No dia 2 de novembro, a Igreja Católica celebra o dia de Finados.

Nesta data, os fiéis são convidados a rezar por aqueles que já não vivem entre nós e a lembrar que a existência terrena é passageira.

O Catecismo da Igreja Católica ensina que “tal como Cristo ressuscitou verdadeiramente dos mortos e vive para sempre, assim também os justos, depois da morte, viverão para sempre com Cristo ressuscitado, e Ele os ressuscitará no último dia”.

Em um artigo intitulado Comunhão dos Santos, publicado em 2010 no portal da arquidiocese, o Arcebispo do Rio de Janeiro, Dom Orani João Tempesta, explicou que o ensino católico da oração está unido intimamente ao dogma de suma importância para compreendermos a íntima união com os falecidos: o dogma da Comunhão dos Santos.

O Prelado recorda que a expressão “Comunhão dos Santos”, contida na oração do Credo, não se refere apenas aos Santos canonizados pela Igreja, mas a todos os que, pelo Batismo, juntam-se aos que creem na Palavra do Senhor Jesus (cf. Catecismo da Igreja Católica, 958).

Ministros da consolação e esperança

A Igreja no Rio de Janeiro conta atualmente com mais de mil ministros da consolação e esperança, que trabalham nos dezenove cemitérios da arquidiocese, consolando e levando a esperança a todos os que perderam seus entes queridos.

“Levamos para as pessoas a consciência sobre a importância de rezar pela ressurreição”, declarou a coordenadora arquidiocesana do Ministério da Consolação e Esperança, Marilda Roriz.
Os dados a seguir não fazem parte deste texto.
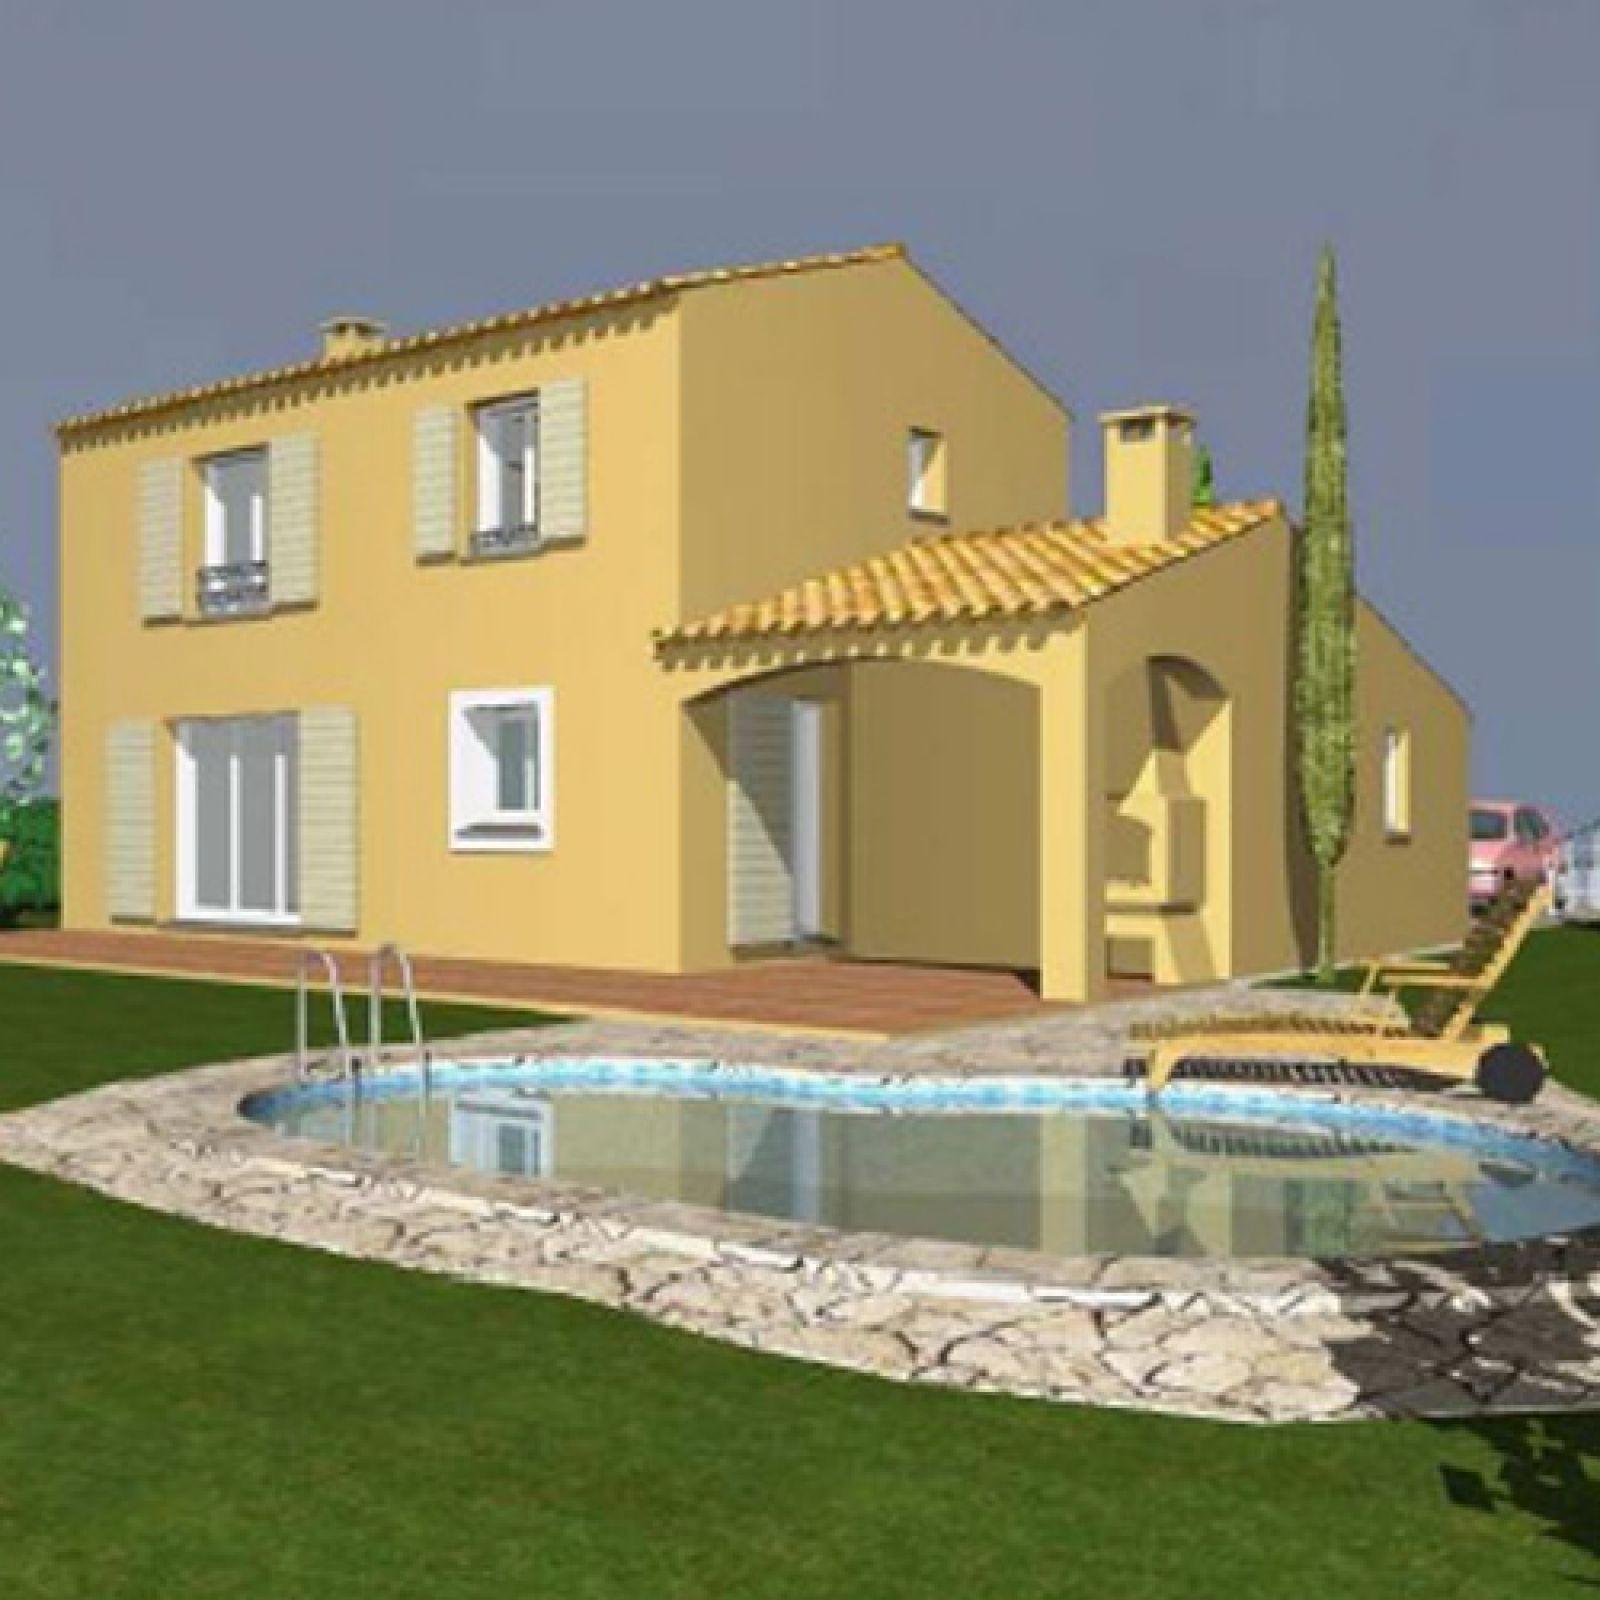 Porche D Entrée Maison Contemporaine bastide contemporaine à etage avec auvent - provence maisons

Anualmente, há uma preparação de novos ministros, geralmente realizada no mês de maio, na Catedral de São Sebastião, e ministrada pelo assistente eclesiástico do ministério, Pe. Pedro Paulo.

Iniciado no ano de 1984 nos cemitérios de São João Batista e de Inhaúma, esse trabalho pastoral foi estendido em esfera arquidiocesana, em 1988, abrangendo dessa forma todos os cemitérios da cidade.